Im am hurting in my relationship, but my partner just refuses to see it
I wouldn't usually be as open as this with my problems but I am not really sure where to turn or what to do. I have been living with my partner for 2 years now and we are currently in the process of planning our wedding. I know that we both love each other, but I am starting to wonder if "loving someone else" means the same to both of us.
I feel like the way that I love her is by trying to communicate with her and show her that I love her with methods that don't involve spending money. I try to cook her dinners, tell her my feelings and take care of her emotionally. Her way of loving involves buying things, helping me with school and sending me texts that say "I love you." Not that those texts shouldn't mean anything, but they have started to feel like cookie cutter messages that never have much more meaning than the immediate thought.
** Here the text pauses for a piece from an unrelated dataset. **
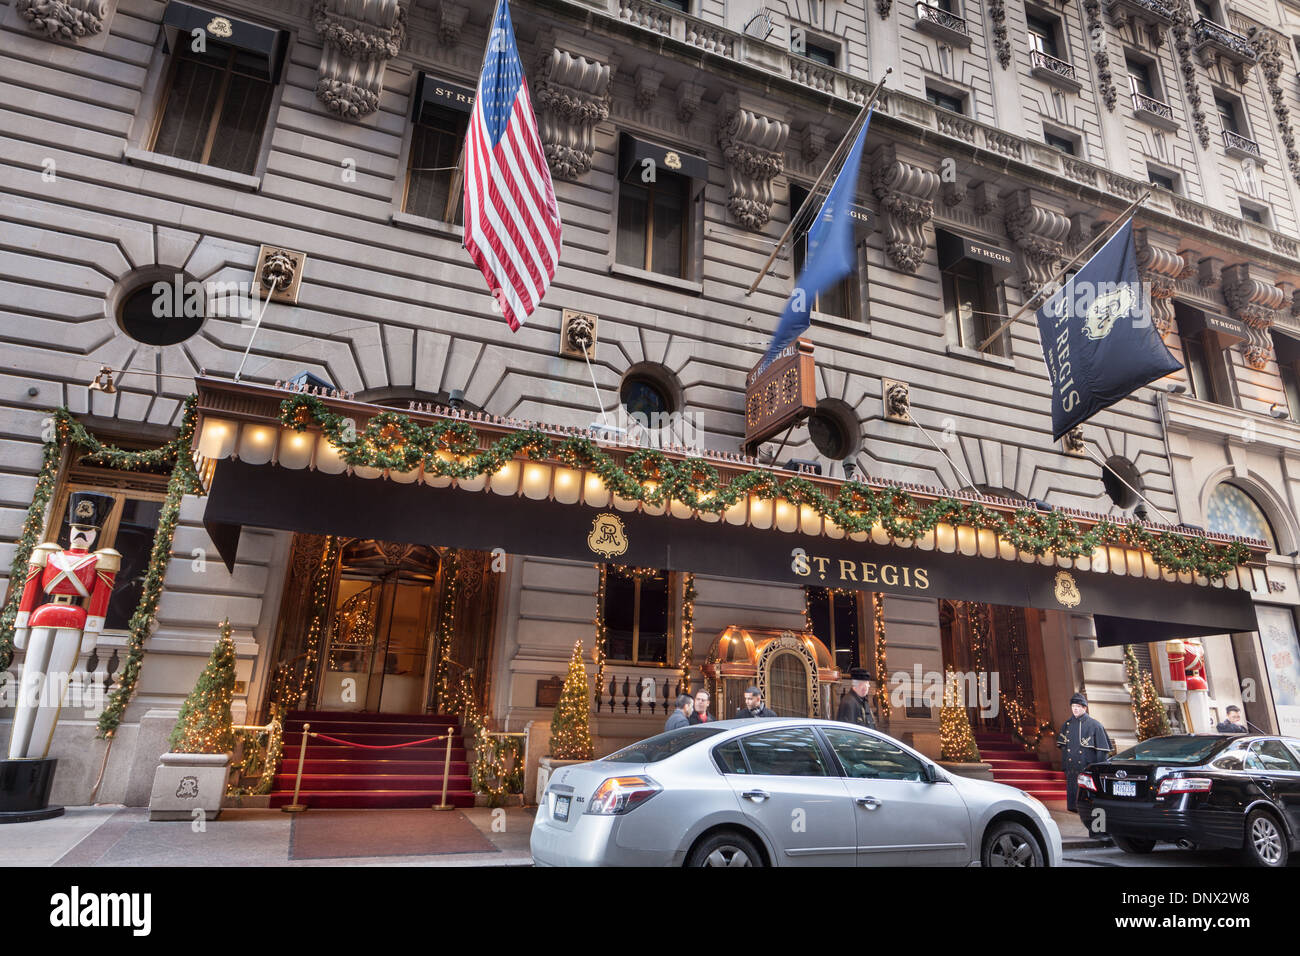 St. Regis Hotel, Beaux-Arts hôtel de luxe classique conçu par John Jacob Astor, Midtown Manhattan, New York City, Etats-Unis. Banque D'Images

I am feeling emotionally neglected and whenever I try to tell her my feelings, she usually just gets frustrated, asks me to stop telling her she is doing this wrong and that I'm never happy. She says that I always just want more from her. I feel like all I want is for her to take an interest in what is going on inside of me and my feelings. I have told her this, but nothing seems to change. Is this a sign that we are not compatible? I just don't know what to do because I am hurting inside and I want nothing more than to figure out how to make this love last. When things are good, they are great and I love her with all my heart. She is an amazing woman, but has emotionally distant sometimes. Can anyone help me?